Look below for the line with "ロング 編み込み 時短 ポニーテール ヘアスタイルや髪型の写真・画像". Retype it and every line after it to the end, exactly, but leave out the pictures.

Source data:
<<<<
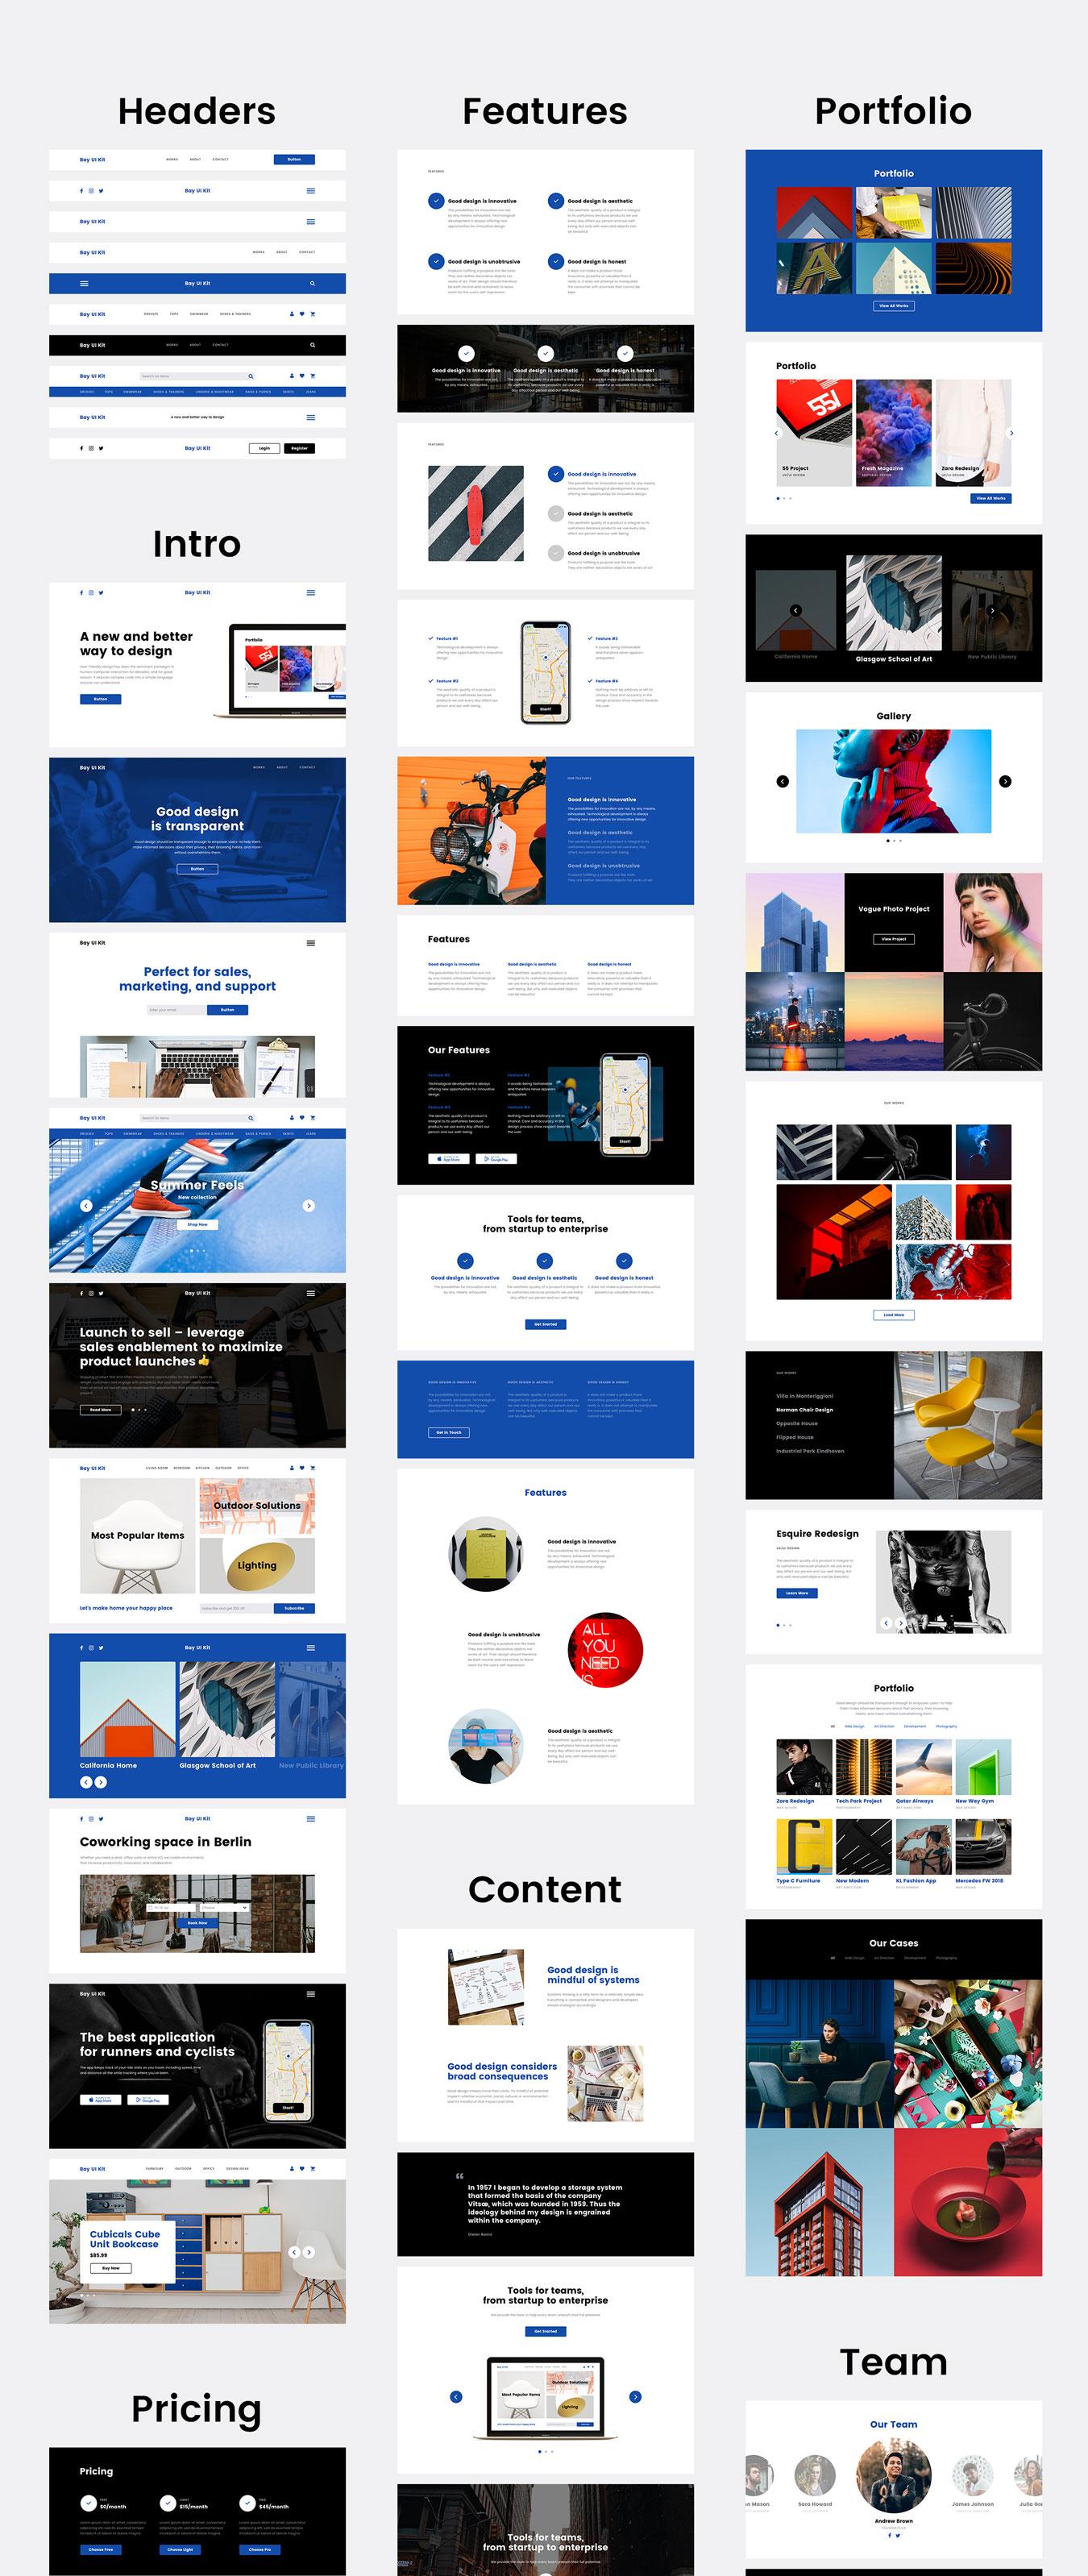 现代简约摄影设计工作室WEB网站UI界面设计模板 Bay UI Kit插图(6)
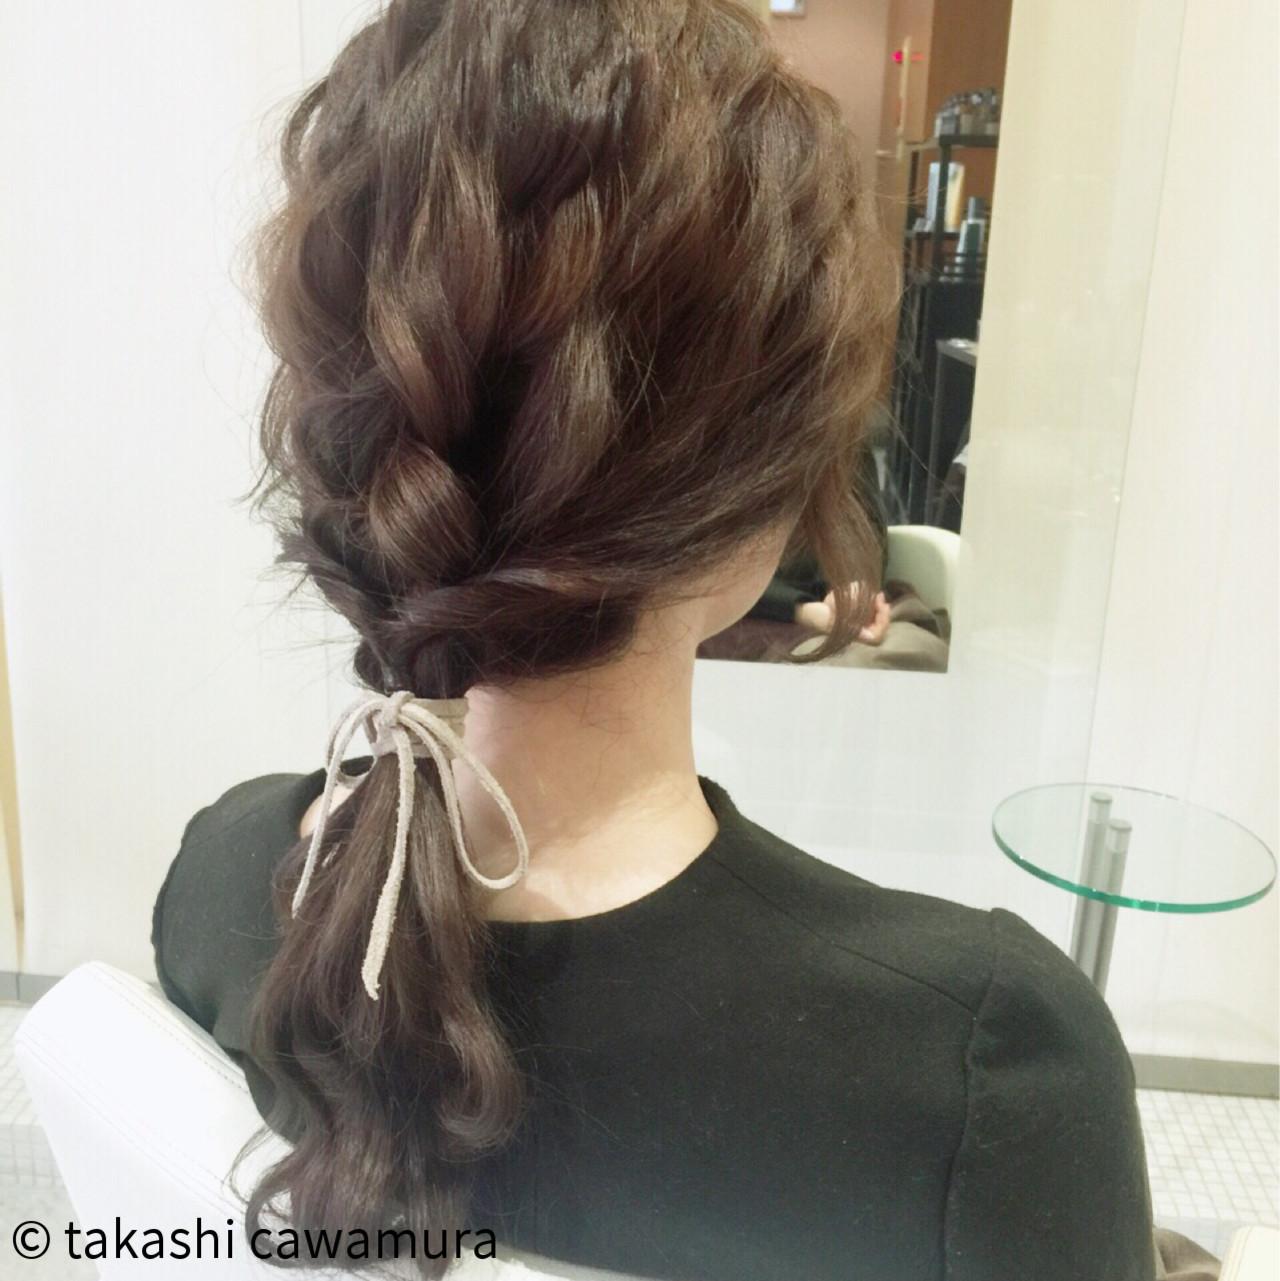 ロング 編み込み 時短 ポニーテール ヘアスタイルや髪型の写真・画像
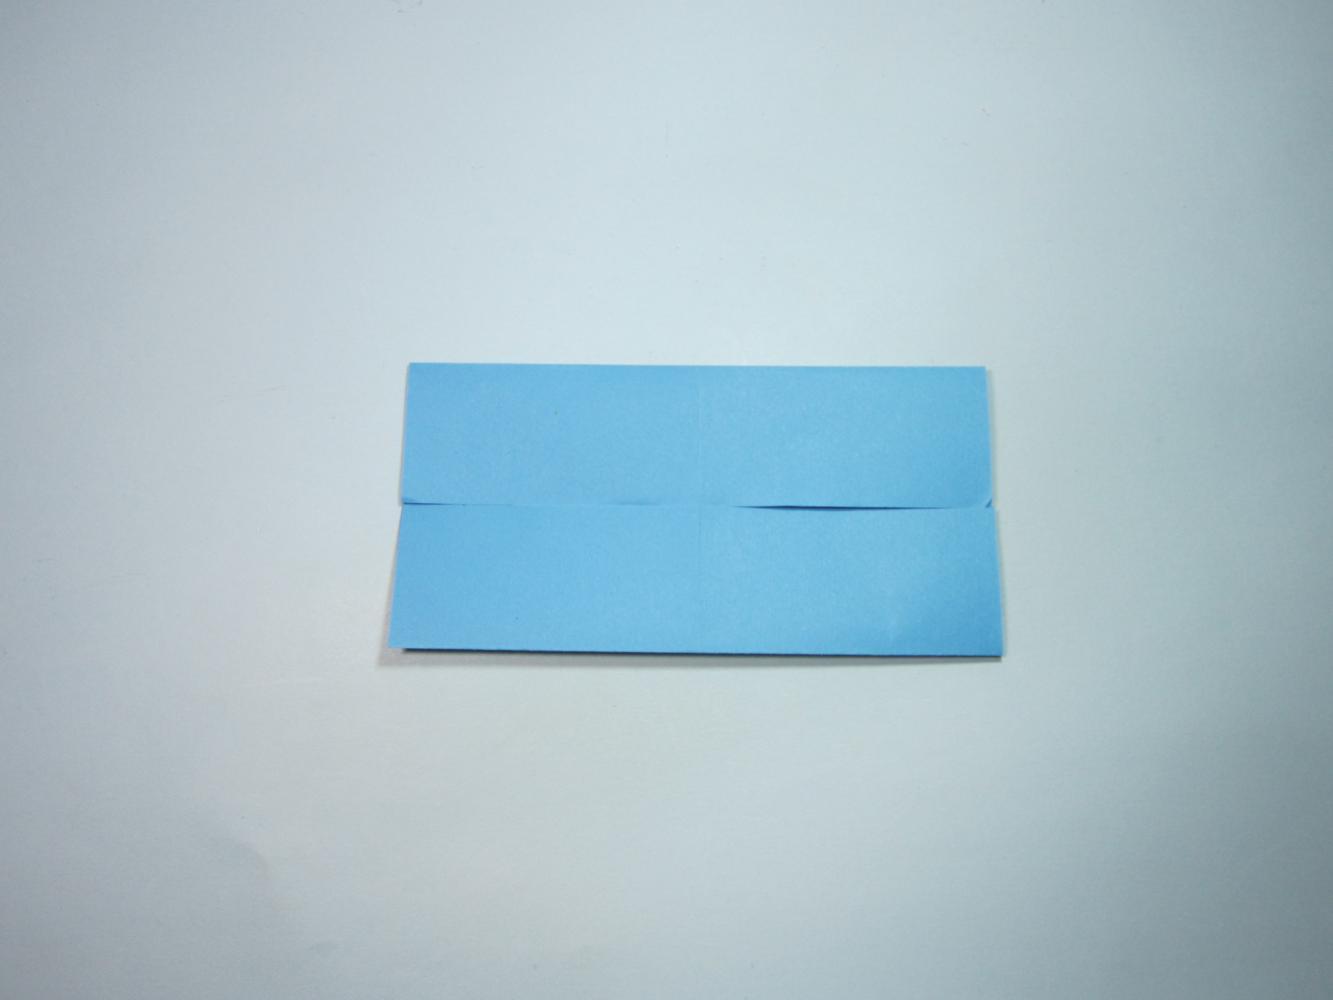 第1步,首先准备一张正方形纸,将上下,左右四条边分别两两对折,展开,留
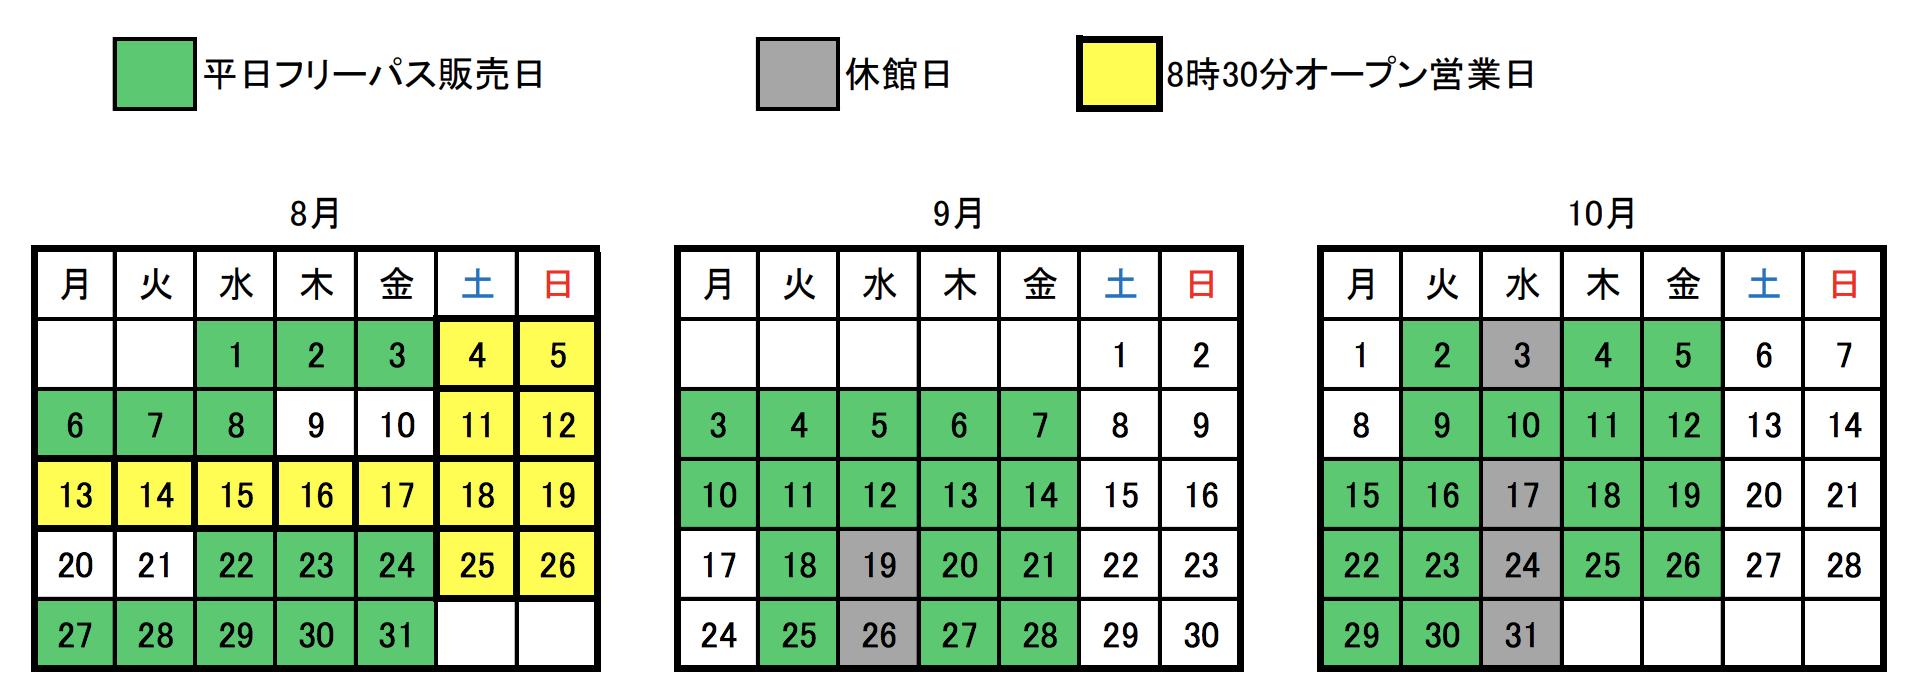 8月〜10月の平日フリーパス販売日カレンダー(HUGHUG公式HPより)
>>>>
Solution to this exercise:
 ロング 編み込み 時短 ポニーテール ヘアスタイルや髪型の写真・画像
 第1步,首先准备一张正方形纸,将上下,左右四条边分别两两对折,展开,留
 8月〜10月の平日フリーパス販売日カレンダー(HUGHUG公式HPより)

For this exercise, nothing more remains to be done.